Сказать по правде, в Южной Африке я чувствовала себя просто ужасно: меня каждую минуту переполняло чувство вины по отношению ко всем этим добрым чернокожим людям, населяющим страну, потому что меня, с моей белоснежной кожей, конечно же, все принимали за бура, которому нравится апартеид; а ведь я никогда не была некрасивой. Там во мне вновь проснулся расист, который, как я считала, давно остался в Дании. Единственные народы, невыносимые для меня, – датчане и буры. Первые – из-за их гороховой надменности, от которой я в детстве настрадалась, а вторые – за те известные всему миру мерзости, которые, по-моему, до сих пор не изжиты, несмотря на все старания святого Манделы. Презирать эту расу несложно, потому что из всех детей матушки-Земли у них самая отвратительная внешность. В течение веков внутри них бродила ненависть к чернокожим, так долго, что в конце концов она превратилась в духовную плесень, которая перекинулась на материю и придала форму тушкам и харям. На лицах этих людей отпечатались грехи предков.

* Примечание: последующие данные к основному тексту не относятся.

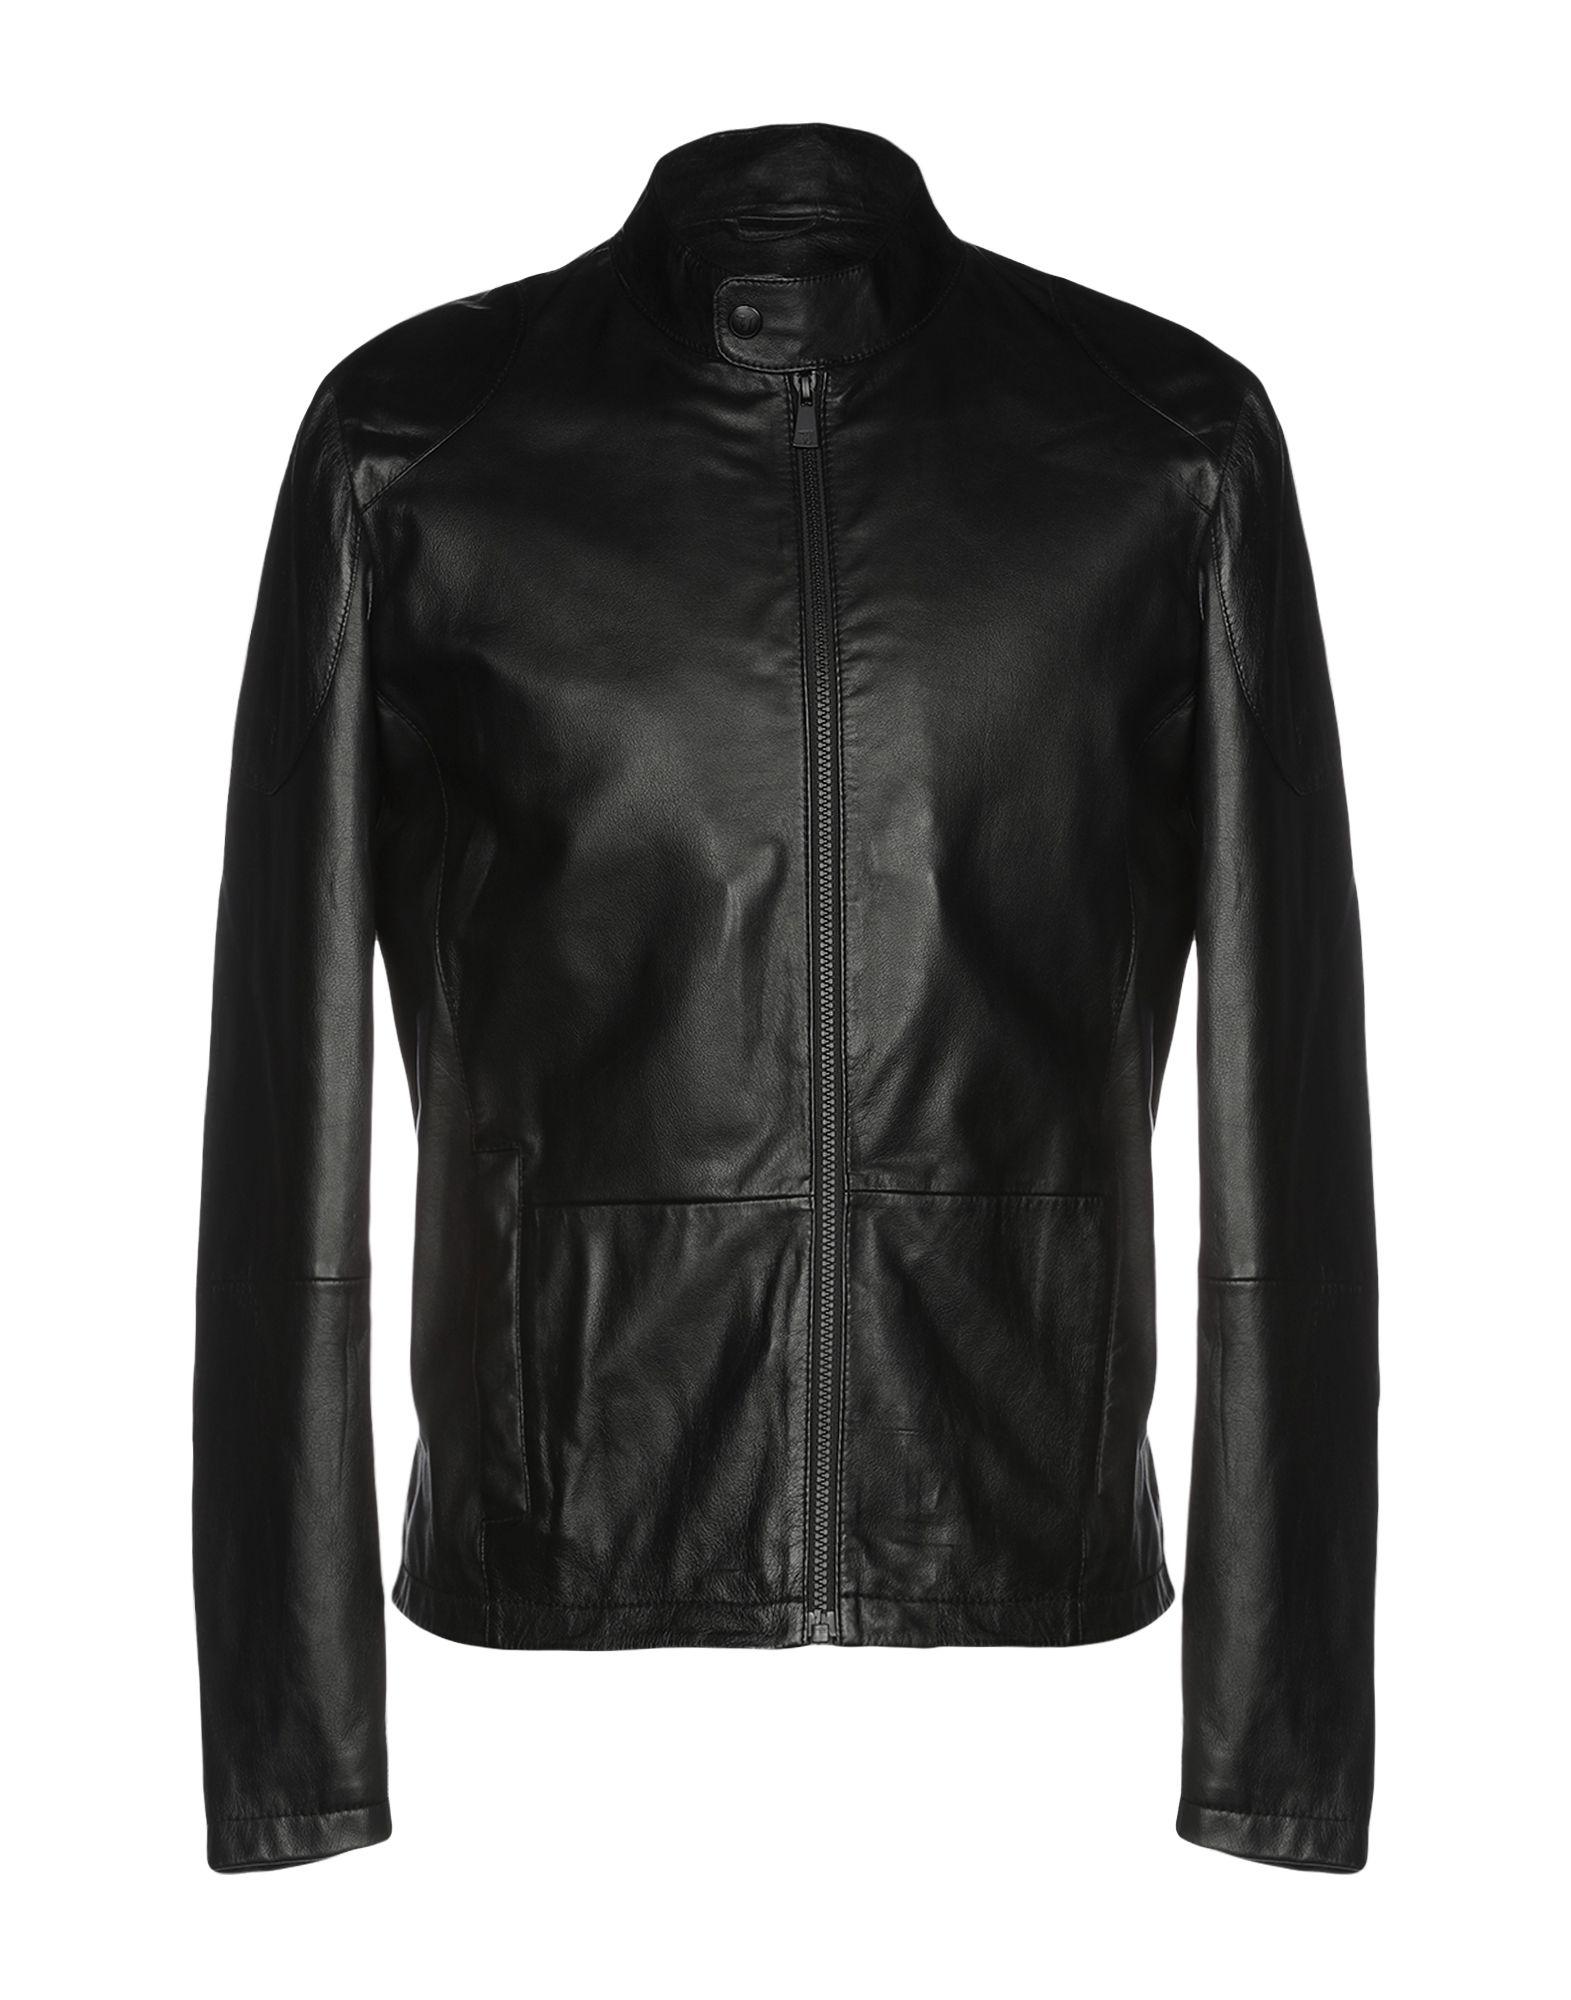 Trussardi Leather Jacket in Black for Men - Lyst
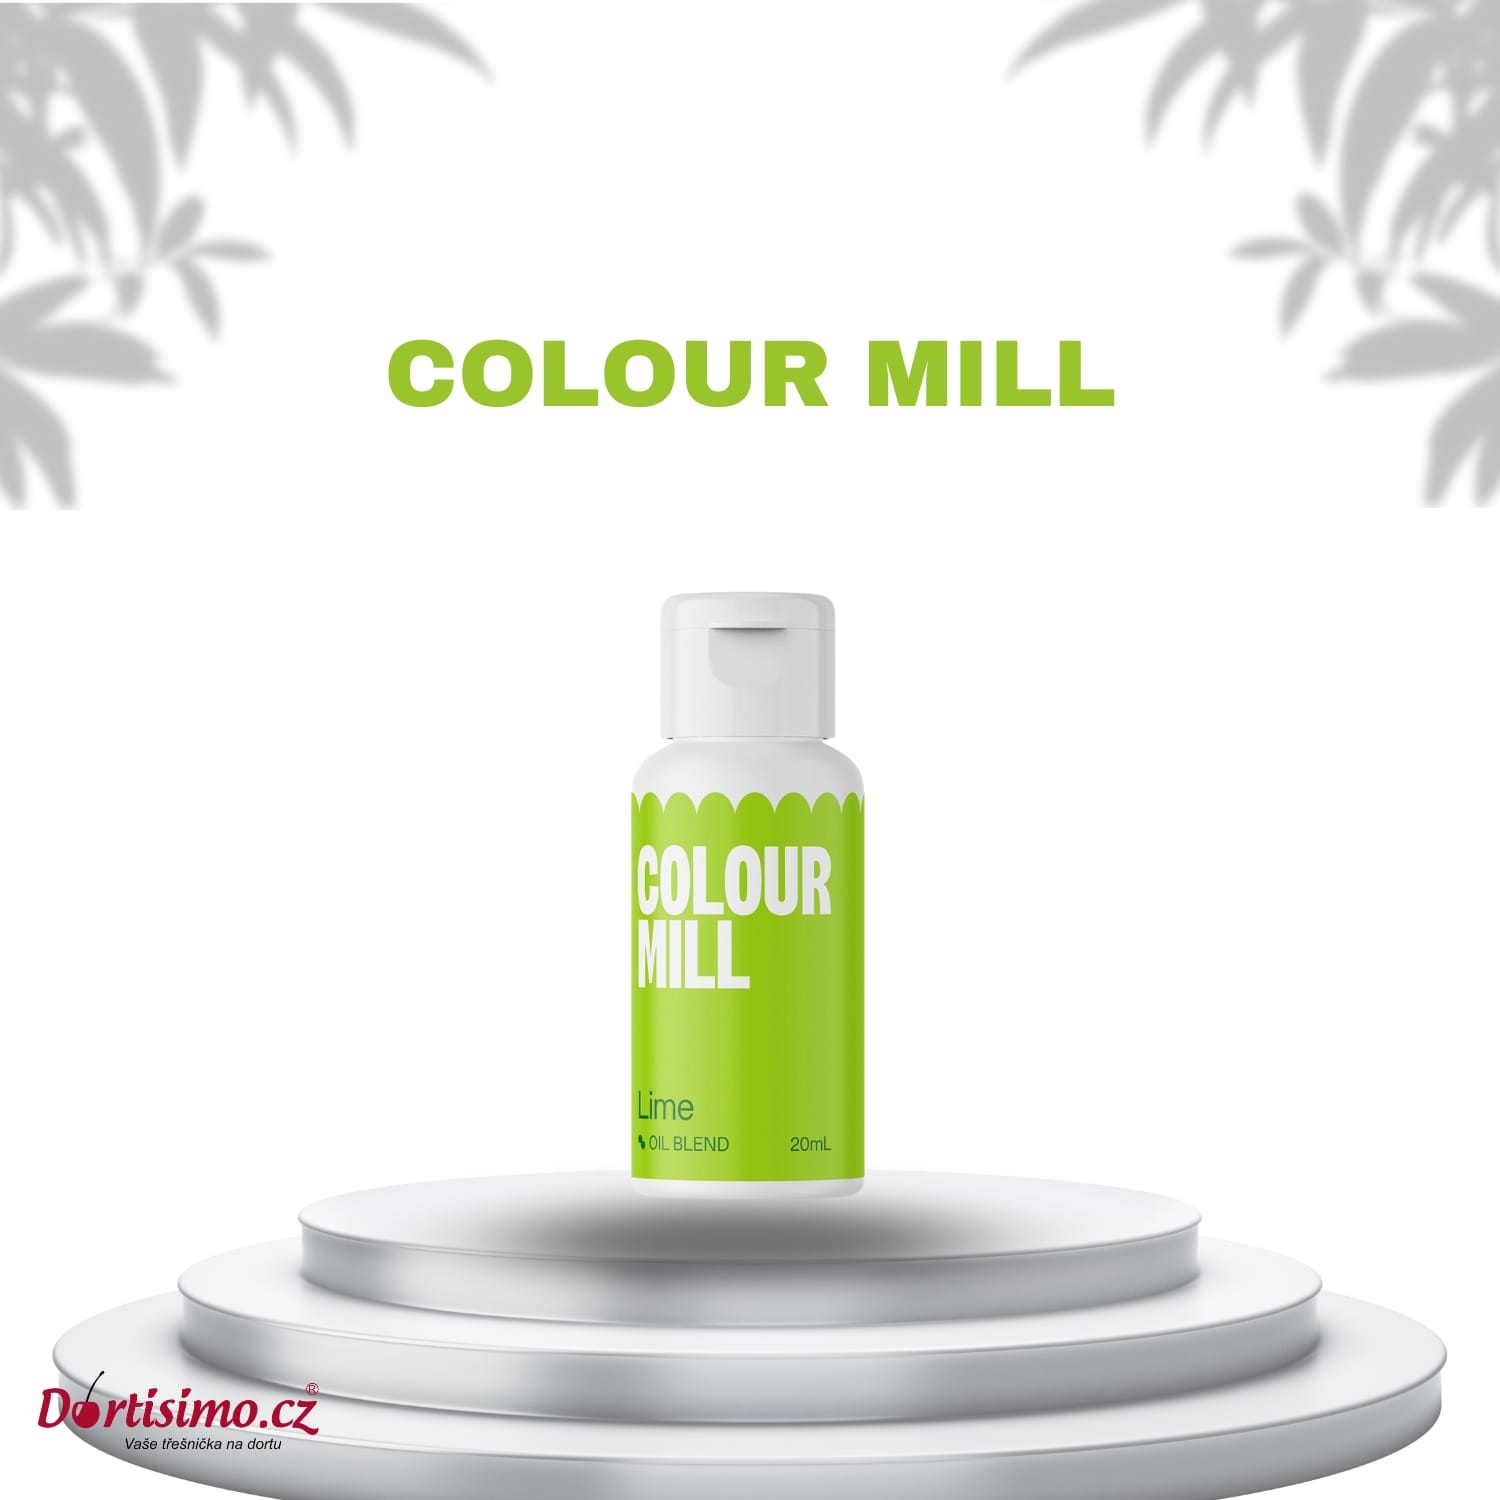 Obrázek k výrobku 23696 - Colour Mill olejová farba Lime (20ml)

Самой большой неожиданностью для меня в Африке стало то, какая она чистая и светлая. Честно признаться, она напомнила мне Исландию. Ехать по грунтовой дороге в заповеднике Крюгер – все равно что петлять по кустарникам по пути на Поля Тинга. А сам этот заповедник – так называемый зоопарк без клеток: там можно спокойно ездить возле логова львов, но махать рукой из окошка гиенам не рекомендуется, если, конечно, не хочешь остаться без руки. Этот райский уголок природы создали буры, предварительно истребив несколько живших там племен. Чтобы белый человек смог увидеть зверье, более кровожадное, чем он сам, он должен был сначала съесть парочку чернокожих.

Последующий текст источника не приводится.